Mr. Speaker, I would like to thank my colleague, Mr. Yakeleya, for helping to bring this motion forward. This motion is in response to the very deeply held concerns territory-wide about the loss of environmental review, oversight and public participation that changes to federal legislation is causing. As the motion lays out in detail, the impacts upon our environmental management regime of the measures concealed in the federal omnibus budget Bill C-38 and Bill C-45 are a major assault upon the land for all Canadians.
Because federal stewardship for our northern natural birthright is so dominant, these impacts are more strongly felt in the NWT. Still worse, they are
taking place just as we are negotiating the transfer of these management responsibilities to our control. Disturbingly, most have taken place without even our advance knowledge, much less our input. This motion asks our government to speak out on these impacts, consider how to fill the voids created and to tell us how the funds will be found to ensure responsible environmental management across the Northwest Territories while supporting sustainable economic development.

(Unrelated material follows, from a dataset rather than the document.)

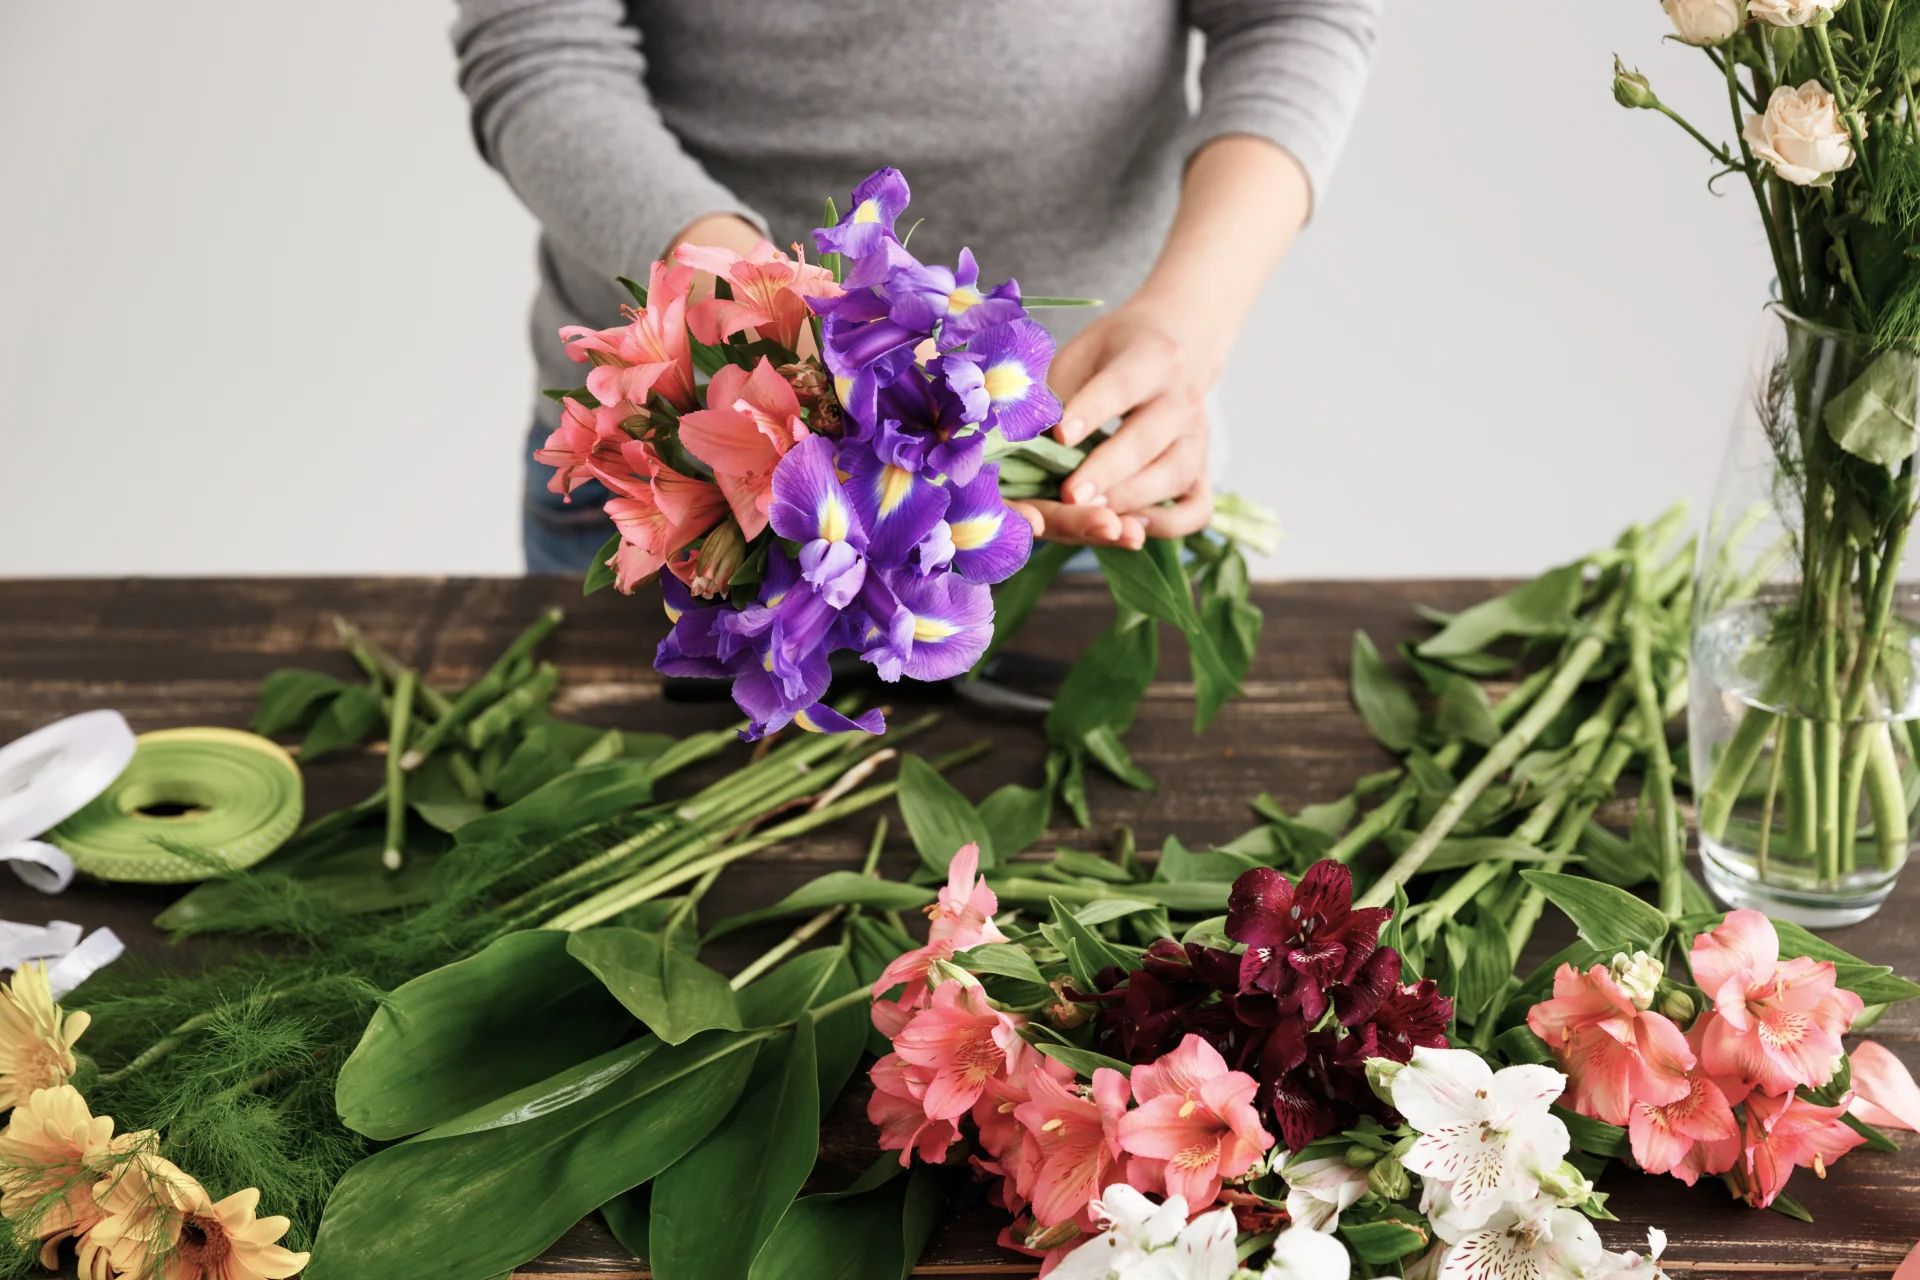 florist-making-bouquet-flowers-vase

This is not a partisan motion. It does not judge those who brought in the changes. It does judge the destructive and retrogressive nature of the changes and finds them unacceptable. This motion is purely and simply about ensuring that clean air to breathe, clean water to drink and healthy food to eat are front and centre when we pursue economic or any other activity that can affect the land.
Everyone of whatever stripe understands these basics. There are some among us in every culture whose understanding of the environment goes beyond these basics. These are people who understand at a cellular level that humans are a part of the land and depend on its well-being. Such understanding is often realized through recognition of the esthetic and often spiritual importance of the land in its naturally healthy and fully thriving state.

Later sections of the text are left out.